> _Task goal_
Using the material that follows, output exactly the lines from the one containing "HKLiving Hk Objects: Empowered" through the one containing "The diversity of", with both ends kept.

> _Records for this exercise_
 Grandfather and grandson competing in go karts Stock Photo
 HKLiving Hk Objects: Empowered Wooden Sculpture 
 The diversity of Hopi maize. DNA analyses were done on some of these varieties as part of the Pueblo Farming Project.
--
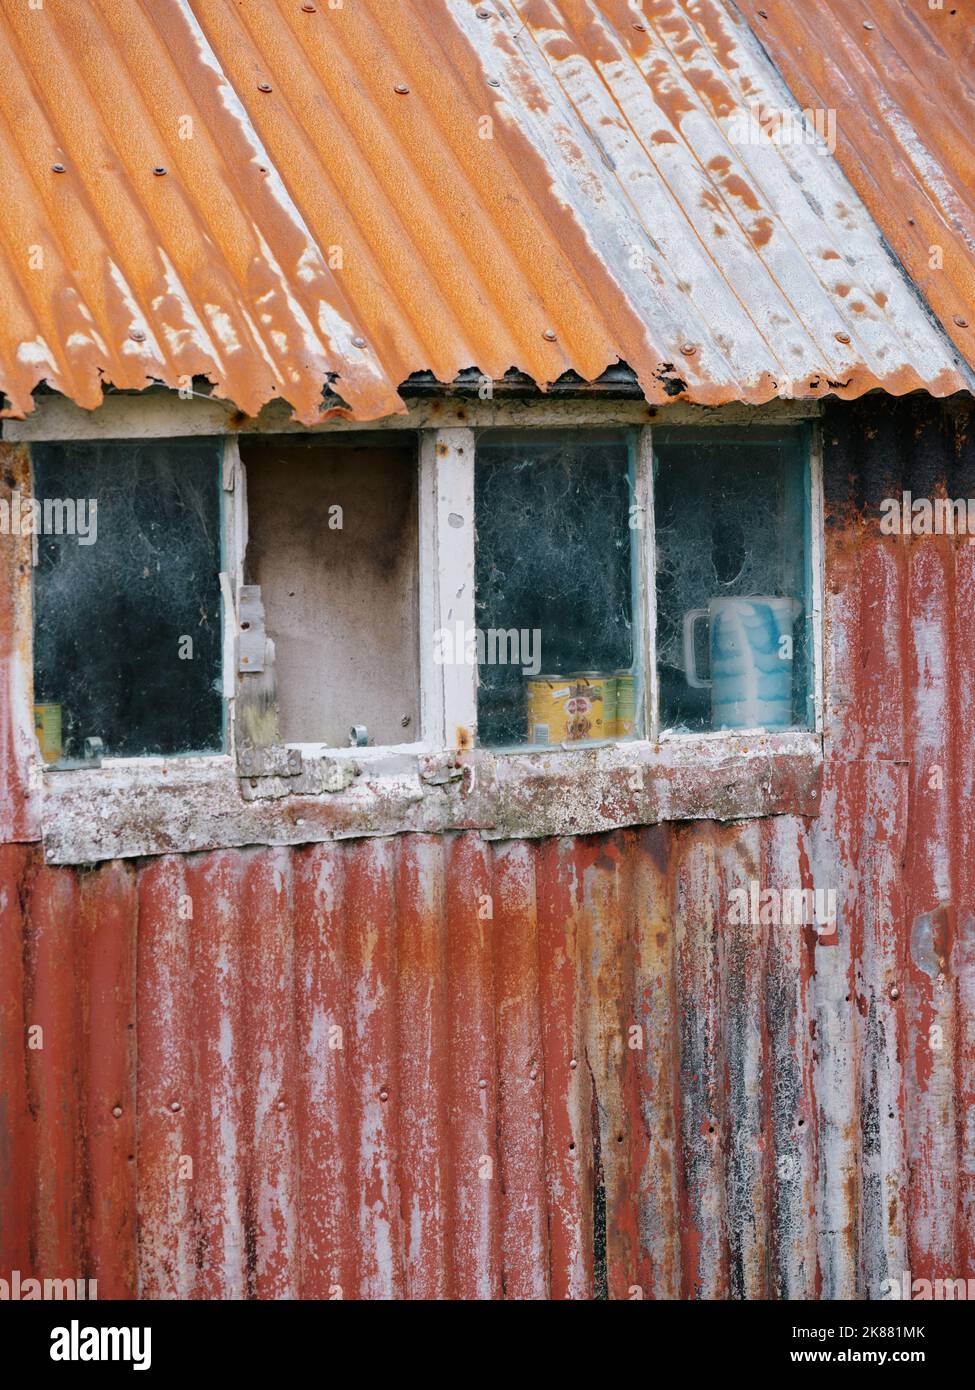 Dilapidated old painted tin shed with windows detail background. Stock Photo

> _Answer section_
 HKLiving Hk Objects: Empowered Wooden Sculpture 
 The diversity of Hopi maize. DNA analyses were done on some of these varieties as part of the Pueblo Farming Project.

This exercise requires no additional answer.